The most common type of primary brain tumor is called a glioma. It is so named because it begins in the glial (the Greek word for “glue”), or supportive, tissue of the brain. A glioblastoma is the most malignant form of this tumor and is synonymous with a grade 4 glioma. It’s also sometimes called a grade 4 astrocytoma because it arises from star-shaped cells called astrocytes.
Medulloblastoma is a fast-growing tumor that is relatively rare. It arises from immature cells at the earliest stage of development. Medulloblastoma always occurs in the cerebellum — the lower, rear portion of the brain. This type of tumor rarely spreads outside the brain and spinal cord.
These tumors often contain mineral deposits (calcifications) and areas of bleeding. They may also harbor cysts. Oligodendrogliomas are most commonly found in the frontal and temporal lobes of the brain, but they can also occur in other areas. They are generally slow-growing and may be present for years before diagnosis.
Fred Hutch scientists are learning the biological secrets of brain tumors, such as the genetic controls that drive their development and the signals they use to grow. We are building on this knowledge to develop new treatments that target these cancers’ hidden weaknesses.

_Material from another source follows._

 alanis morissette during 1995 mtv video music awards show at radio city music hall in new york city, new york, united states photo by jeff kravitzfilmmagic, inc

To aid us in this work, we’ve developed specialized mouse models of brain cancer that accurately reflect human biology. And we’ve built high-tech new systems for producing and testing new drugs for people with brain cancer.
Examples of new drugs and treatments we’re developing for people with brain cancer include immunotherapies, gene editing approaches and highly targeted drugs specially designed to penetrate into the brain.

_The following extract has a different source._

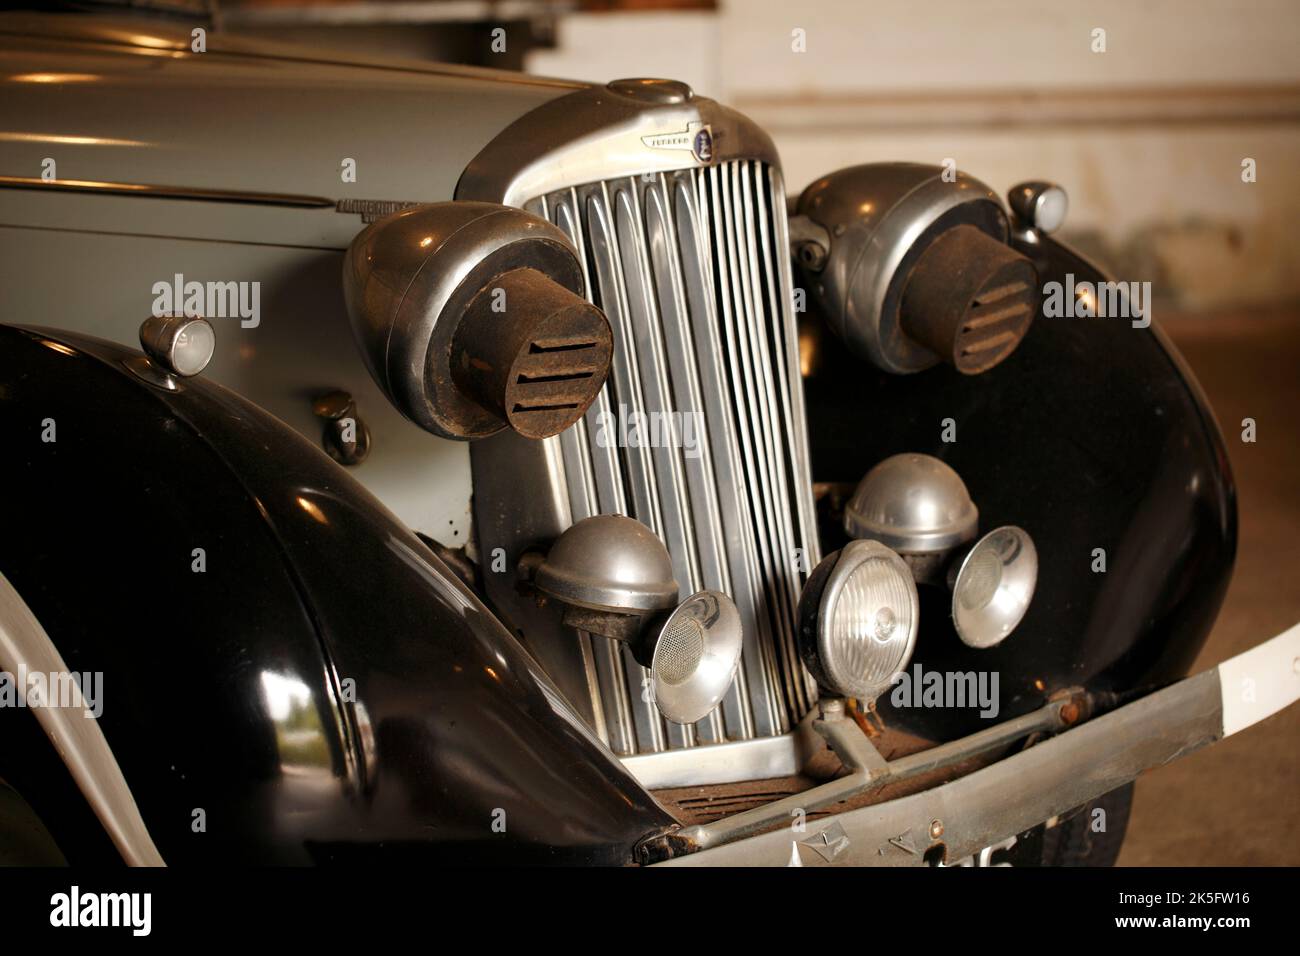 Sunbeam Talbot Supreme wartime car with hooded light covers. WW2, WWII. Stock Photo

Our research teams are working on maximizing the effectiveness of currently available therapies for brain cancer, such as chemotherapy, surgery and radiation. We are uncovering the biological reasons these therapies work in some patients but not others. With this knowledge, we can improve or better target these treatments to the patients most likely to benefit. We are seeking new drugs that synergize with current therapies to make them more effective. And we’re pioneering new methods to protect patients from the side effects of these treatments.
Fred Hutch scientists are studying the fundamental mechanisms of early brain development. Insights into the genetics and cell biology of these processes in normal development are critical to understanding how they go wrong in brain cancer. Using laboratory models, our scientists are learning how brain cells become specialized and migrate to their proper locations in the brain.